Credit - Magdalena Weyrer

Girondolini has unleashed a manic sound with his self-titled album. ‘Girondolini’ is fast, vibrant, deep and pulsing. Its energy seeps into every track, each lyric is brightened by the sheer musicality of Girondolini’s style. It’s R&B, hip-hop, hardcore synth and everything in between. But what grabs you over everything else, what makes you want to dip back into the album again and again, are the rhythms. They start small and explode with colour. They dip and dive between genres. Some hit jazz, some enter funk, others stay in the pop scene throwing R&B flares and hip-hop grenades for emphasis. ‘Girondolini’ is massive, and you don’t want to be left out.

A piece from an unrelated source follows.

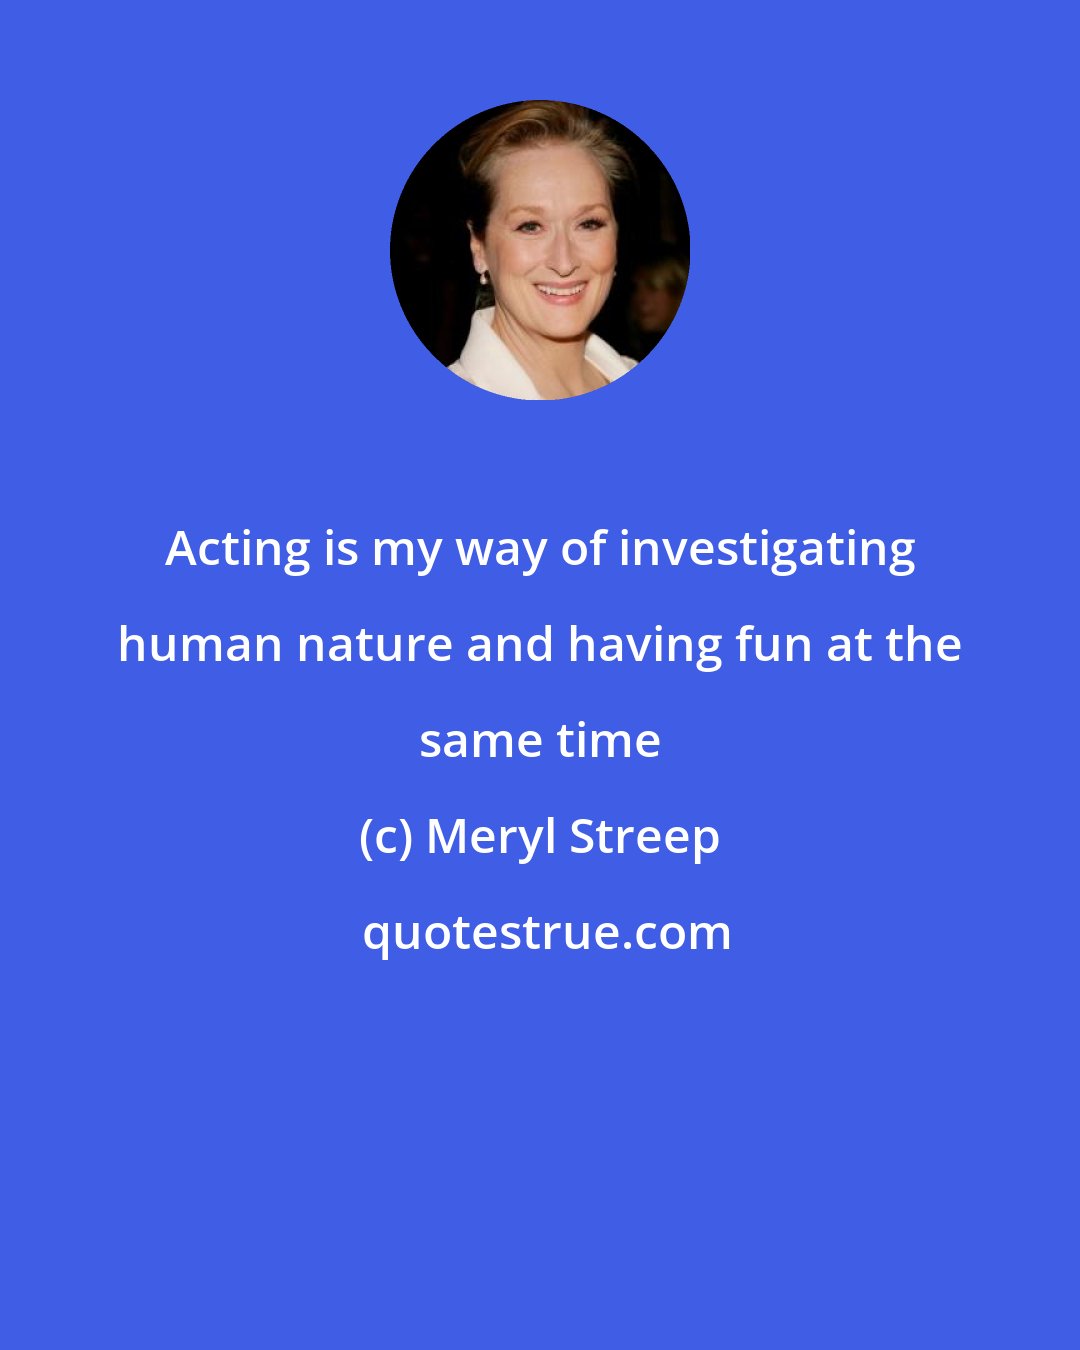 Meryl Streep: Acting is my way of investigating human nature and having fun at the same time
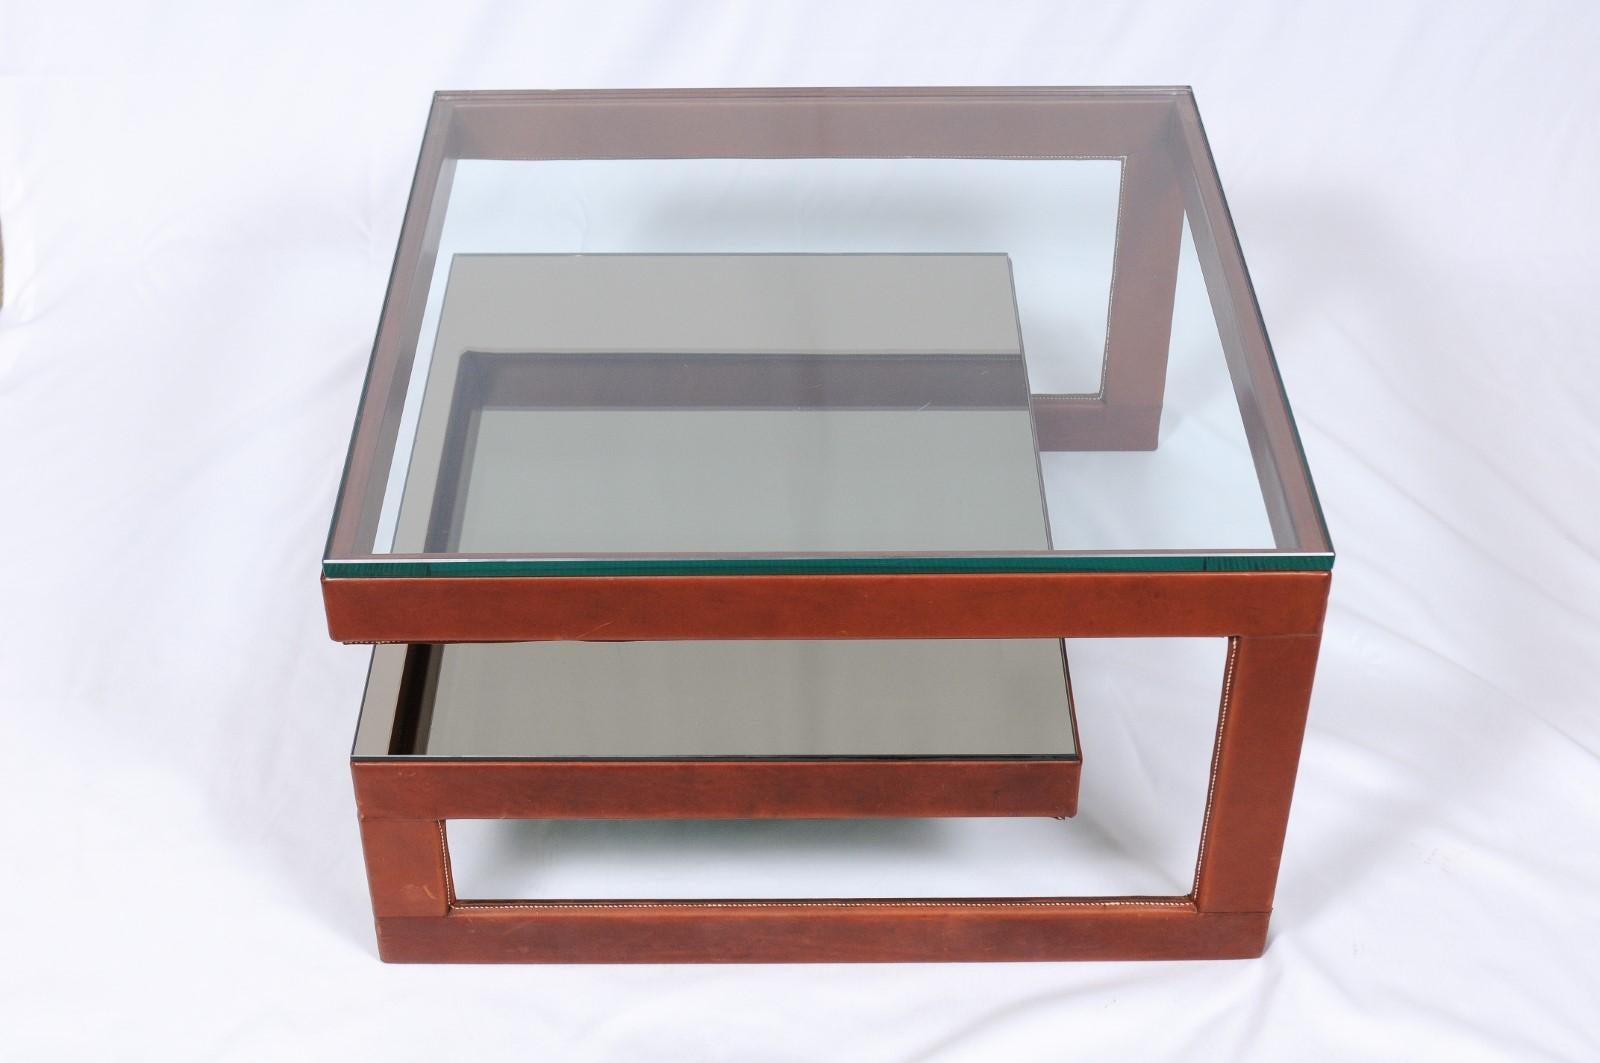 Architectural and sculptural, this coffee table is both simple and layered. Glass and leather wrap in clean lines for a contemporary statement.

The album kicks off with ‘Breathe Deep feat. Premrock.’ Instantly you get a taste of the Girondolini flare. Horns blare in the back while a worldly percussion smashes out front. The melody is hidden in the sibilance, waiting to be picked up by an unknowing passerby. Here comes the vocal. Breathe in, hush. WHAM! The instrumental explodes, the vocal takes centre stage, surrounded by thick synths and the now massive percussion. Flanked on its left by attitude, and on its right by funk, this vocal has got the whole room covered. The song builds, taking no prisoners. Soon the light is too bright to behold. The breakdown solves that problem, breaking the song into little found pieces, only to reconstruct them for the big finish.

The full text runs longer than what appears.